Hastalık Kontrol ve Önleme Merkezi isimli sağlık kuruluşunun yaptığı çalışma sonuçlarına göre, her insan haftada en az 150 dakika normal güçlükte bir spor yapmalıdır. Yani vücudun fit kalabilmesi için, günde yarım saat, tempolu yürüyüş, koşu, bisiklet veya yüzme gibi bir spor çalışmasına ihtiyacı vardır. Böyle bir aktiviteden beklenen, kalp kaslarının gelişmesi ve kalp ritminin belli sınırlar içinde istenen noktaya gelmesidir. Bu sayede zamanla süre ve tempo arttırılarak, kişilerin sistematik bir şekilde spor yapması sağlanacaktır.
Örnek bir kondisyon arttırma çalışması
Birinci adım yapılacak spor hareketlerine hazırlıktır. Kondisyonu arttırmak için günde en fazla yarım saat antrenman yapmak yeterlidir. Ancak ilk yapılması gereken kalp atışlarını kontrol etmektir. Arka arkaya yapılacak kontrollerle ortalama kalp atış sayısı tespit edilmeli ve izlenmelidir.
İkinci adım dört hafta kadar dürecek ilk aşama spor çalışmalarıdır. Bu çalışmalar sadece yürüyüş yapmak veya bisiklete binmek olmamalıdır. Her seferinde farklı bir spor yapılabilir. Önemli olan her çalışmada kalp atışlarının kontrol edilmesidir. Burada hedeflenen, başta tespit edilen ortalama kalp atış ritminin yüzde 50 ile 60’ı arasında olmasıdır.
Üçüncü adım ilerleme aşamasıdır. Bu aşama altı ay sürer. Çalışmaların süresi ise günlük 45 dakikaya çıkacaktır. Bu aşamada hedeflenen, başta tespit edilen ortalama kalp atış ritminin yüzde 70 ile 85’i arasında olmasıdır.

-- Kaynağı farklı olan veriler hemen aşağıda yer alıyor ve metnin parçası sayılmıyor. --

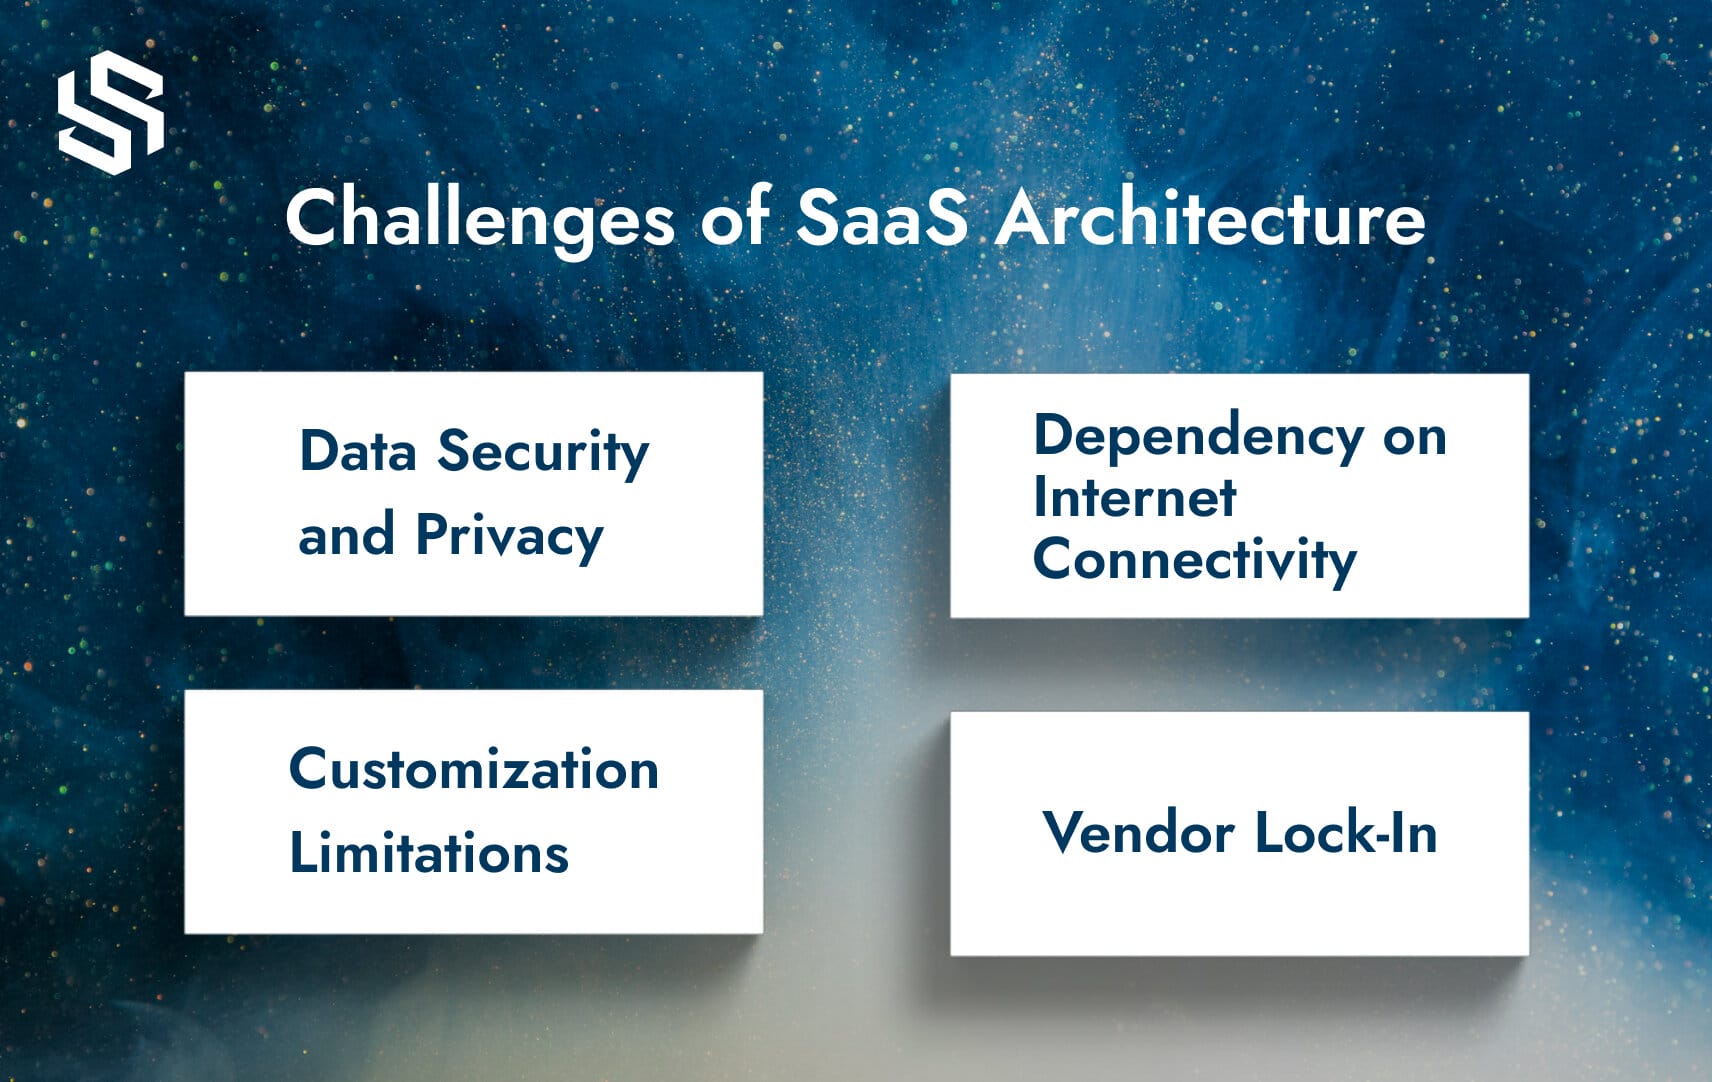 Challenges of SaaS Architecture

Dördüncü adım ise sürdürme aşamasıdır. Bu aşamanın bir sonu yoktur. Bundan sonra artık yaşam boyu spor aktivitelerine devam etmek gerekmektedir. Haftada üç veya beş günlük spor hareketleri sürdürülmeli ve kalp atış hızı yüzde 70 ile 80 arasında kalmalıdır.
Kondisyonun artmasına paralel olarak dinlenme anındaki nabzın 40’lara kadar düşmesi normaldir.